Colonial Massachusetts pastor and politician

The Reverend Honorable Solomon Lombard (1702–1781) was elected to the Massachusetts General Court in 1765. Lombard, Esq. was an agent to the Boston Convention in 1768, a representative to the Massachusetts Provincial Congress in 1774, a representative to the Great and General Court at Salem, Massachusetts, in 1774, and a judge of the Massachusetts Court of Common Pleas from 1776 to 1781.

The oldest son, Solomon Lombard, was born Solomon Lumbart on April 5, 1702, in Truro, Barnstable County, Massachusetts, the son of Jedediah and Hannah (Lewis) Lumbart/Lumbert. A 1723 Harvard University graduate, he was married to Sarah Purington by Rev. John Avery of the Truro Congregation Church on June 3, 1725. They had 13 children born at Truro before relocating to Gorham, Maine c.1751. He was called to preach at Gorham by the town proprietors the previous year, when he was the first settled clergyman in Gorham. A part of the block house was fitted for public worship, where he ministered for about a dozen years. He had several children. His sons, Solomon and Richard, had large families.

A Gorham town meeting was held March 12, 1765. Officers elected included Surveyors of Lumber, and Lot layers. They voted Solomon Lombard, Esq. to serve for, and represent, Gorham at the Massachusetts Great Court, convened in Boston July 17, 1766.

As early as September 1768, a Gorham town meeting was held, and Solomon Lombard, Esq. (the former pastor) was chosen as "an agent to go to Boston, as soon as may be, to join a convention of agents from other towns in the province, to consult and resolve upon such measures as may most conduce to the safety and welfare of the inhabitants of this province at this alarming and critical juncture." Mr.

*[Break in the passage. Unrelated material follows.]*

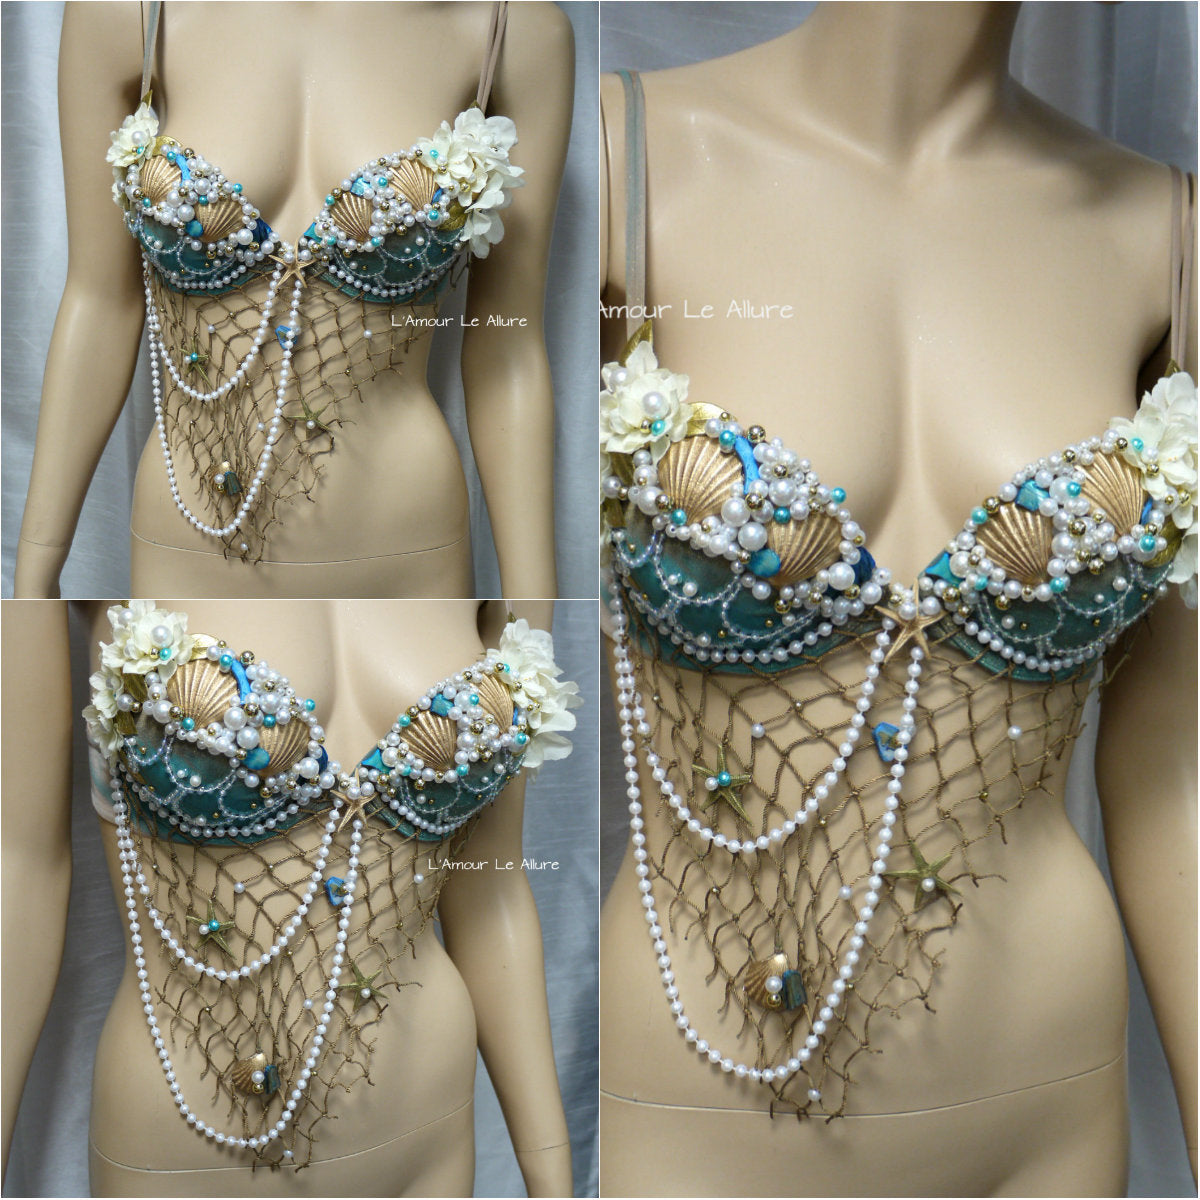 Delicate Dripping in Gold Turquoise Mermaid Bra Top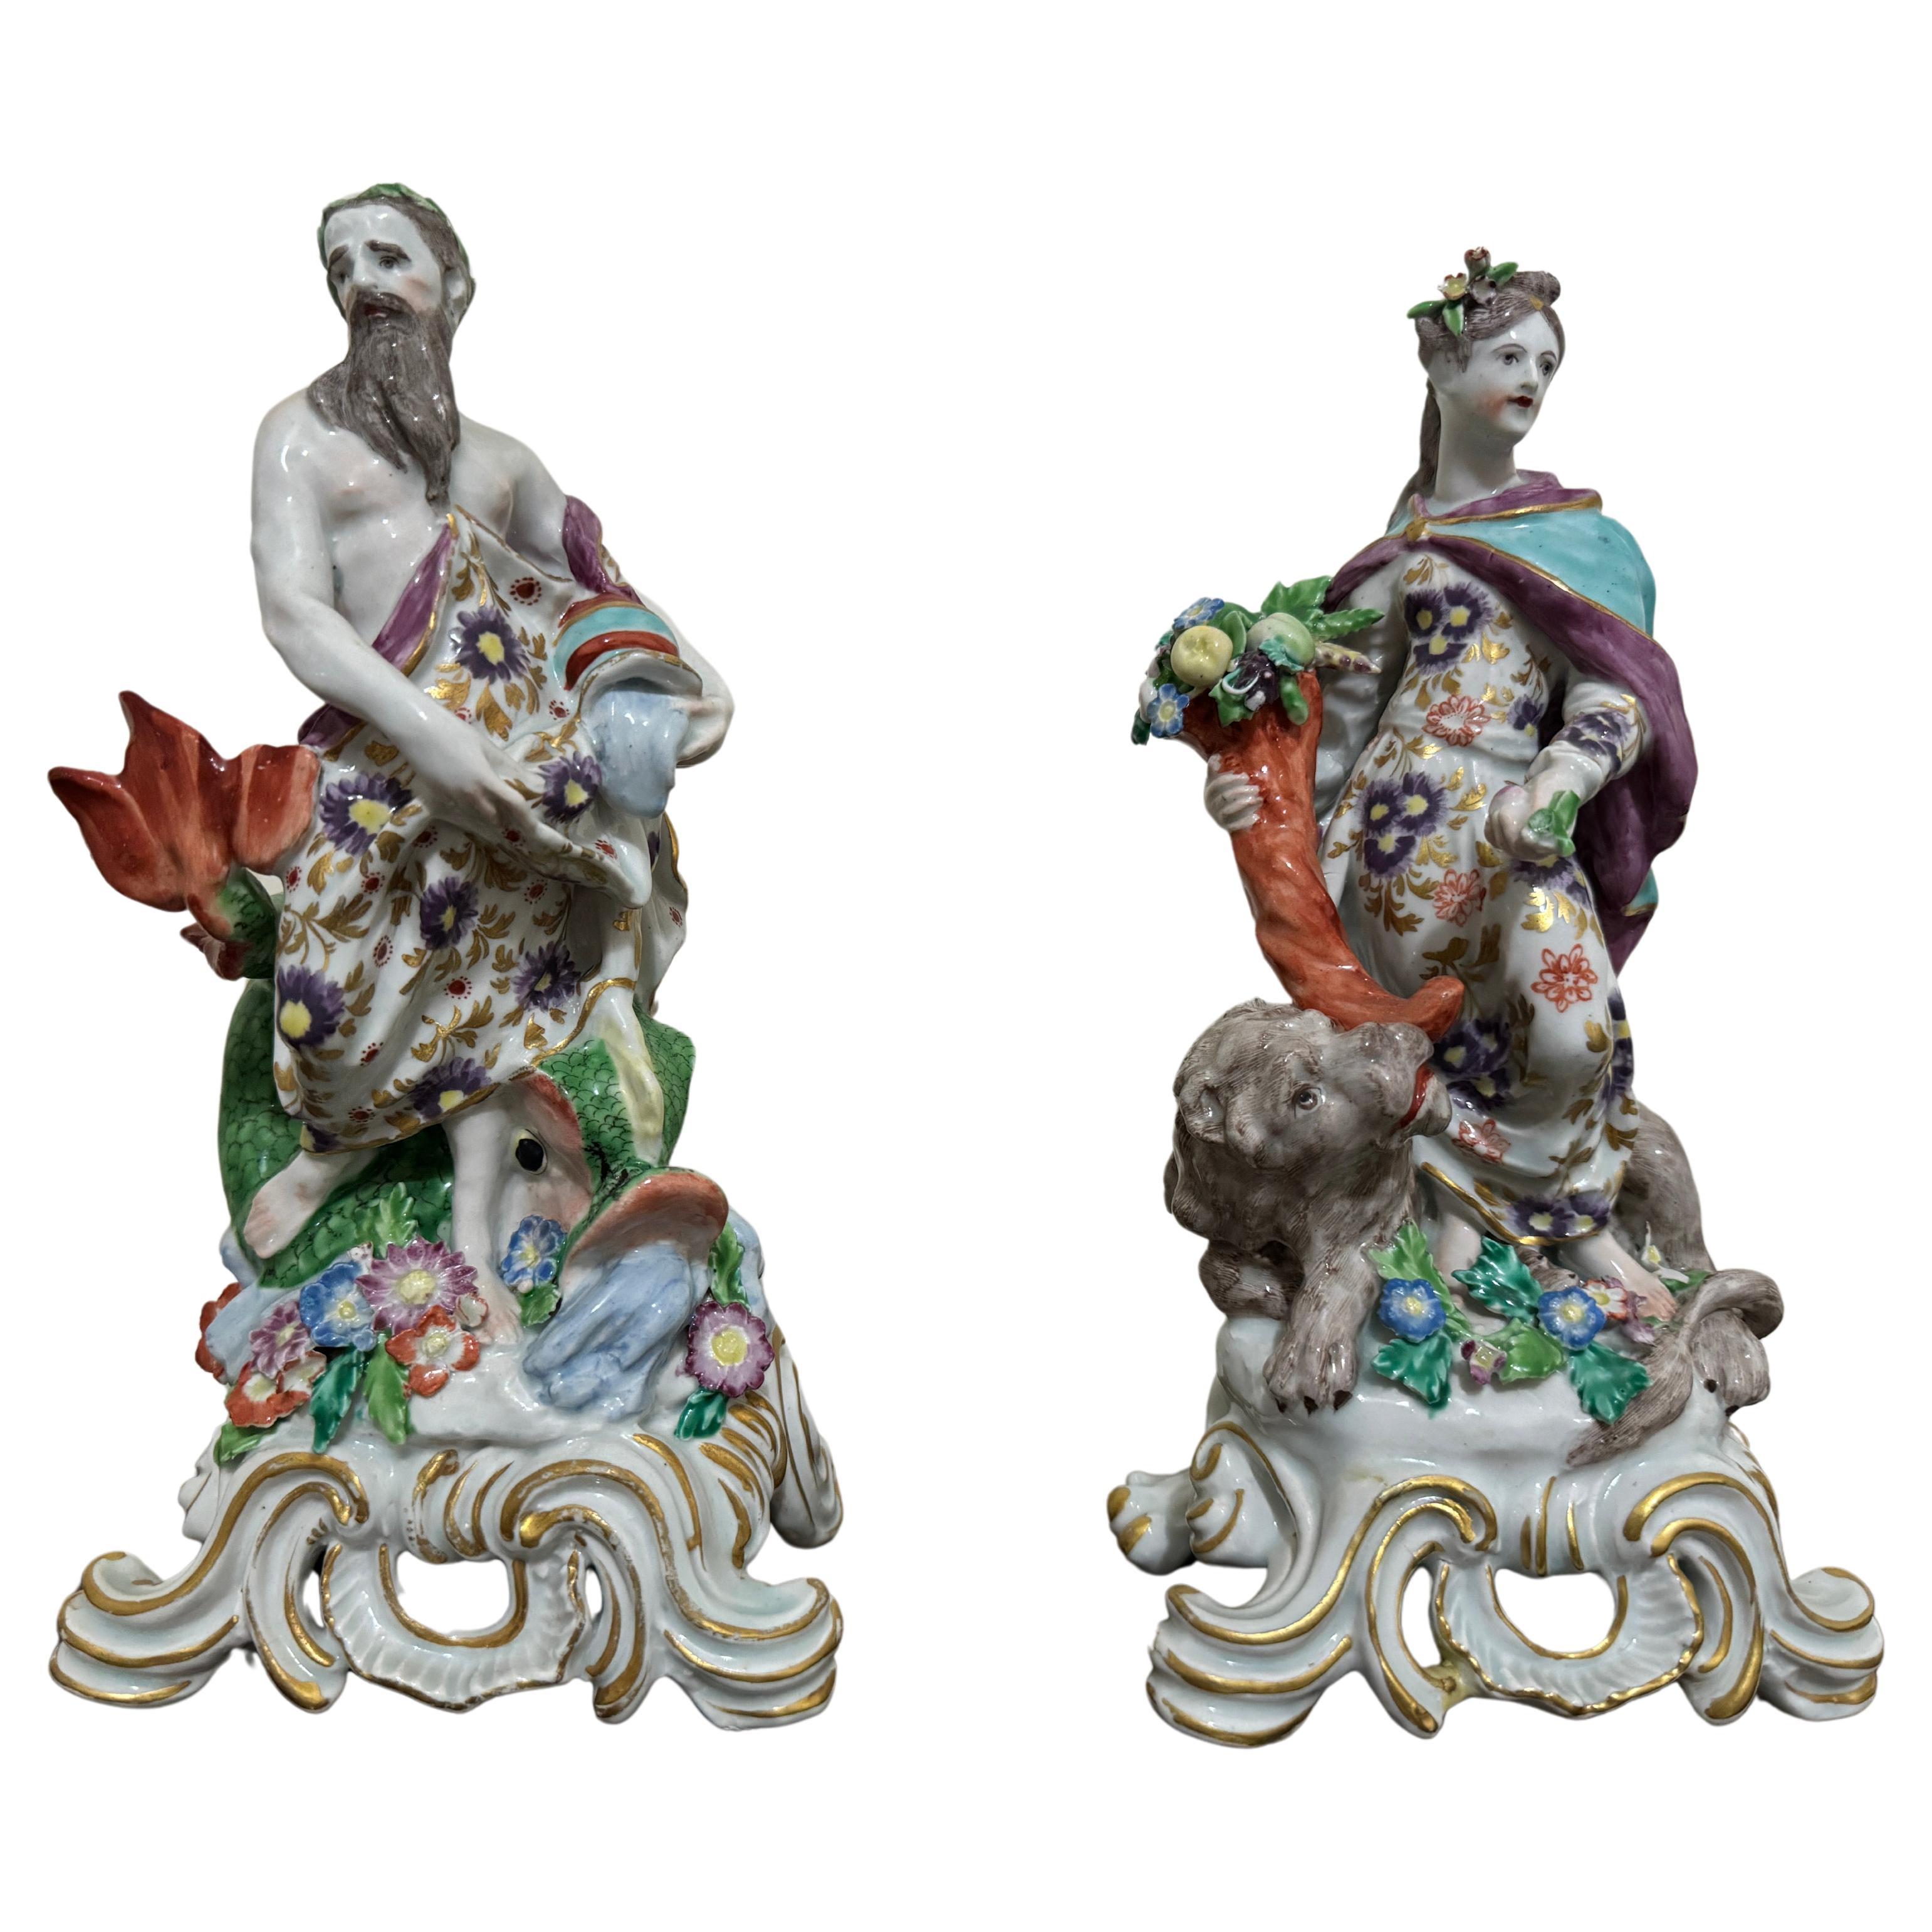 Pair of Bow Porcelain Element Figures, "Water" and "Land" , circa 1765

Lombard was allowed eight days for going to, and returning from Boston. They kept up an able, active, and vigorous Committee of Correspondence, composed of men of wisdom, sagacity, and firmness."

Instructions to Solomon Lombard Esq. included: "Whereas you are chosen by the Town of Gorham to represent at a Great and General Court, or Assembly to be held at Salem, on Wednesday, the fifth day of October next. We desire you to observe the following instructions: that you use your endeavors to obtain a vote of the House, for the re-establishment of the former Charter of this Province. We instruct you to join with other members, which compose said Court, in forming themselves into a Provincial Congress in order to secure them in the enjoyment of their Charter, and Constitutional Rights of Freemen, and as Christians.

He was a Gorham Town Selectman in 1772. Also the town's first representative to the Massachusetts General Court. Reelected four times.

Lombard attended the Provincial Congress in 1774, was chairman of the committee of safety, and was active in the cause of the colonies in the War of the Revolution. He was among the most earnest in resisting the policy and acts of Parliament toward the colonies.

While the town of Gorham was a part of Massachusetts, it had four judges of the Court of Common Pleas (1776–1781). Solomon Lombard was chosen to be one of these in 1776.

Lombard died in 1781, aged 79 years.